I think when it comes to “en femme firsts” we anticipate something HUGE. For example, when I went out into the real world for the first time during the day, I expected people staring at me, pointing at me, perhaps even verbally berating me.
But it was so… normal.
People were lovely or indifferent. There was no harassment, no one was unkind. I had prepared myself emotionally and mentally for years but I didn’t need to.
When I meet a new member of the MN T-Girls and it’s their first time out not only with the group but also their first time out EVER, I usually ask how their feeling. They seem surprised that it feels very normal. That they are more at ease than they expected.
And this is wonderful.
And this is validating. What I mean is I feel validated as a t-girl. I have moved on from wanting to pass and I have moved on from believing in passing, so the thought and hope that people think I am cisgender is in the rearview mirror. I expect every barista and cashier and random person at the mall looks at me and knows I am transgender.
And it’s okay for them to know that. I am transgender. Someone knowing my gender identity is no different than someone knowing I am right-handed. There are some things about others you can’t help but realize.
But once someone makes this realization is what matters. If someone looks at me and acknowledges me as a transgender girl and that information shapes how they will interact with then it likely will be an issue. What I mean is that if someone decides to be rude to me because they have acknowledged my gender identity then they are likely an asshole. This is also true when it comes to someone else’s race, skin color, religious beliefs, or similar characteristics.
The validation I mentioned comes from someone knowing I am transgender and they choose to strike up a conversation, engage in small talk, or call me “ma’am”.
It’s in a moment like this I realize that the world isn’t as afraid of gender non-conforming people as much as some news outlets suggest.
An en femme first, in my experience, tends to be wonderful and normal at the same time.
This was my perspective as I drove home this past Saturday night after seeing “Alice in Wonderland” with my sister.
I was nervous for two weeks. I was nervous longer than that as I worked up the courage to ask her if she wanted to come. I was a wreck after I sent the text.
If HE was going to the play, then I wouldn’t have been nervous at all. But Hannah was the x factor, so to speak. Sure, my sister would love to see the play… but would she want to see the play with Hannah?
If not, well, why?
I try not to think too much about why someone from HIS life doesn’t feel ready to meet Hannah, but sometimes i can’t help it. Is it because of how she looks? Am I embarrassing? Would someone feel like they are being stared at because they are waiting in the theatre lobby with a transwoman?
I hate thinking and being afraid that my gender identity and gender presentation is a deciding factor for some people in my life.
But my sister responded with an enthusiastic “sure!”.
I exhaled.
Once this shock was over, I thought about what to wear. Shallow, I know, but I wanted to make sure I picked a dress that was perfect for the play and not tooooo short or tight. I think I nailed it. I hope I nailed it.

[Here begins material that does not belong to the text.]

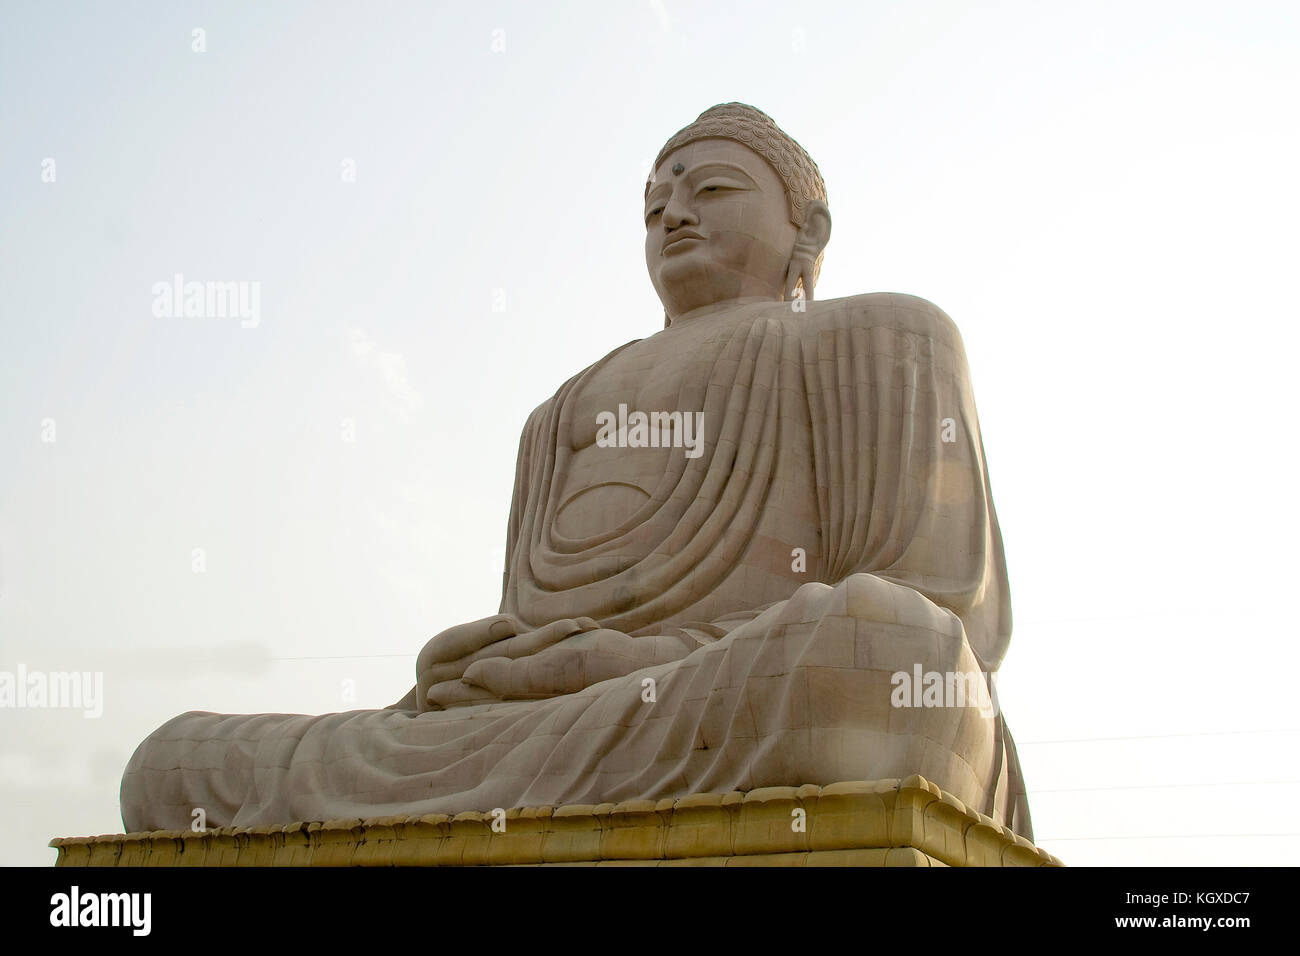 Riesige Statue von Buddha in ruhiger Stimmung, Bodhgaya, Bihar, Indien, Asien Stockfoto
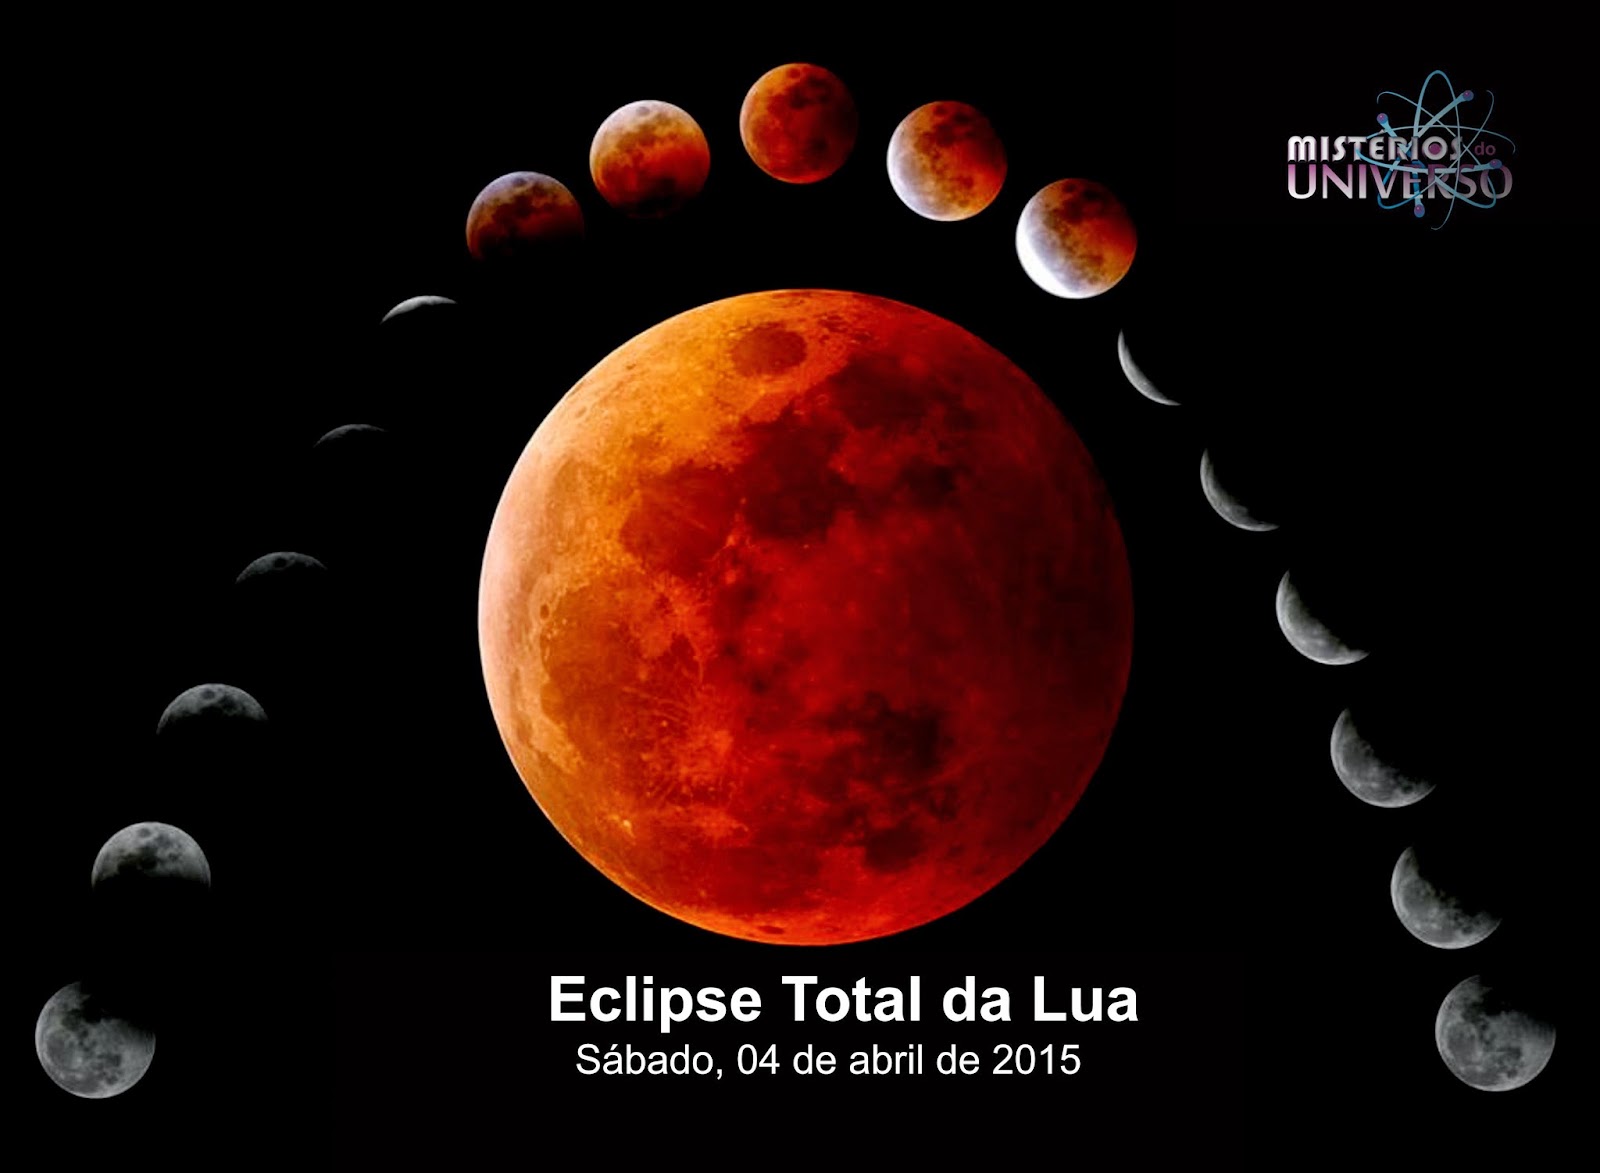 Primeiro eclipse lunar de 2015 será nesse sábado Mistérios do Universo

Shortly after the box office opened and I picked up our tickets my sister arrived. We hugged and… normalcy set in. At least for me. But I didn’t sense that my sister was feeling awkward. She was chatty and her normal self. Perhaps she was feeling relieved that it wasn’t as weird as she was afraid.
An aspect I worried about prior to the evening was, well, Hannah herself. When I am en femme I react and feel and emote and talk and gesture differently. None of this is conscious. It’s all very organic and natural. It can be a little thing such as movement. We walk different in stilettos. We move different in skirts. As a t-girl I am more aware of my surroundings.
All of this sounds like I have a multiple personality disorder but it’s not that at all. People act different when they are with different groups of people. I can easily “switch” back to him if needed, so to speak. What I mean is if I am out en femme and my boss calls I can talk to him as my male self in terms of my voice, mannerisms, all that. The opposite is true. If I am at work and I need to call a salon to book a makeover I can tap into Hannah as well.
This all sounds very very bizarre but I think many of you can relate to this fluid duality.
I wondered if I should stick to him as much as possible. Perhaps showing my sister I am still her sibling and the person she has known all her life but just, well, more fabulous.
Buuuut in the end I intentionally stopped thinking about it. I would just go with it, wherever it would take me.
We talked about family and work but it was Hannah that chatted with my sister about these things.
It was a little weird for me as we talked about aspects of my life that Hannah doesn’t usually discuss. I am fairly protective of many specifics of my life but here’s Hannah just chatting away.
The play was delightful and we hugged as we left the theatre.
I’ve no idea if my sister will ever see Hannah again but I hope she had fun and would like to see her sister again.